- Born: Elfriede Martha Blauensteiner 22 January 1931 Vienna, Austria
- Died: 16 November 2003 (aged 72)
- Other name: The Black Widow
- Conviction: Murder (3 counts)
- Criminal penalty: Life imprisonment

Details
- Victims: 3–10+
- Country: Austria
- Date apprehended: January 1996

= Elfriede Blauensteiner =

Austrian serial killer

Elfriede Martha Blauensteiner (22 January 1931 – 16 November 2003), dubbed The Black Widow, was an Austrian serial killer who murdered at least three victims by poison.
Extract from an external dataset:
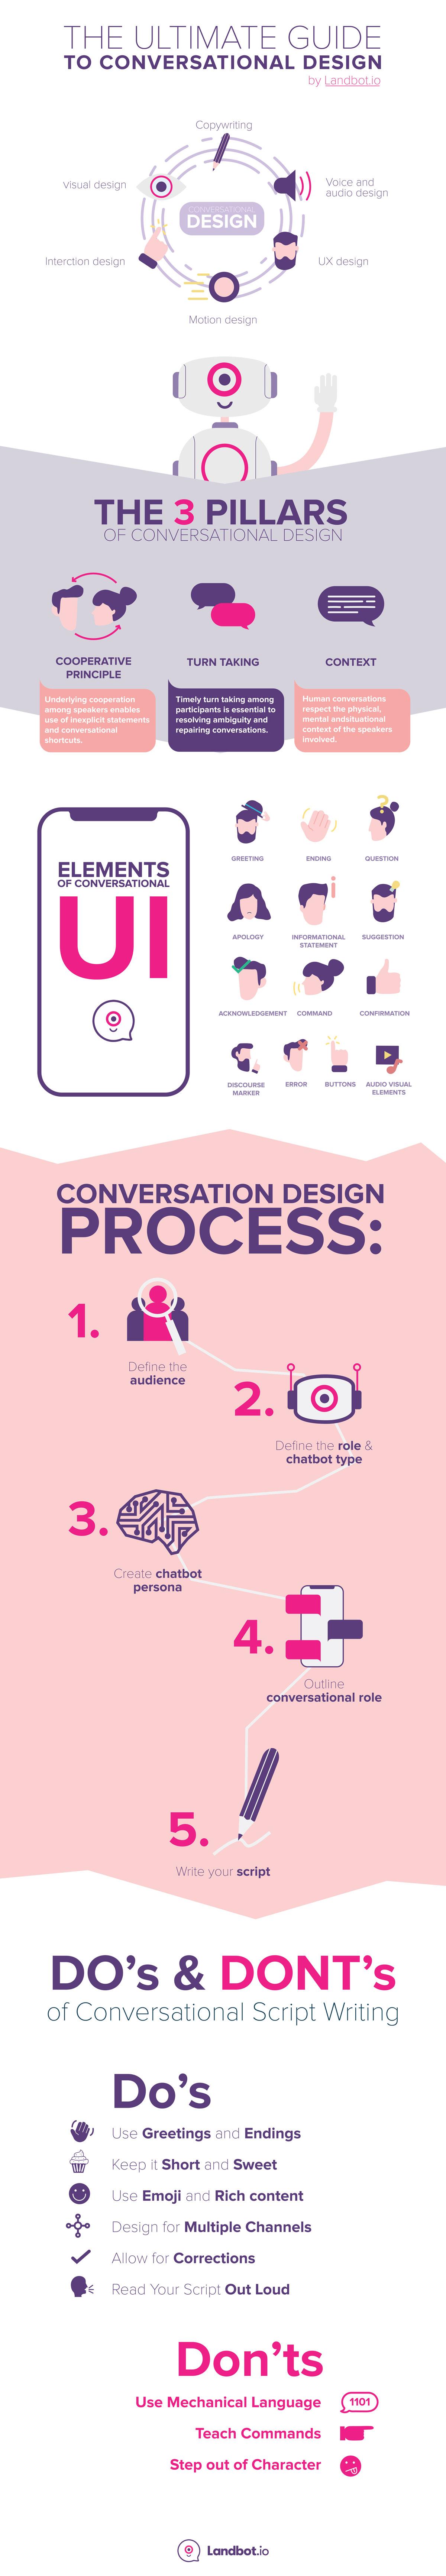 guia-diseño-conversacional-infografico

In each case, she inherited the victim's possessions.

== Crimes ==

Blauensteiner was a compulsive gambler who sought out wealthy, elderly men through newspaper personal advertisements, took them into her care, and had her lawyer falsify their wills before poisoning them to inherit their estates. She gambled away the proceeds in casinos, losing 15 million schilling at one casino alone. She killed using the diabetes drug Euglucon in combination with an antidepressant, inducing fatal hypoglycemia. Investigators noted that she became practiced enough to predict when a victim would die, summoning emergency services only when death was imminent.

On 7 March 1997, Blauensteiner was found guilty of murdering 77-year-old Alois Pichler and sentenced to life imprisonment. During her trial in Krems, Blauensteiner drew attention for her theatrical conduct, at one point holding up a golden crucifix and declaring "Ich wasche meine Hände in Unschuld" ("I wash my hands of this"), a reference to Pontius Pilate. Her former lawyer Harald Schmidt was jailed for seven years for being an accomplice to grievous bodily harm and for forging the will of Alois Pichler.

Four years later, she was found guilty of murdering her 64-year-old husband Friedrich Doecker and 84-year-old female neighbour Franziska Koeberl. Although she was only convicted of a total of three murders, Austrian police believe that she may have murdered at least 10 people. Koeberl is believed to have been her only female victim.

After serving less than seven years of her life sentence, Blauensteiner died from a brain tumour on 16 November 2003, in a Vienna hospital. She was cremated at Feuerhalle Simmering, where her ashes were also buried.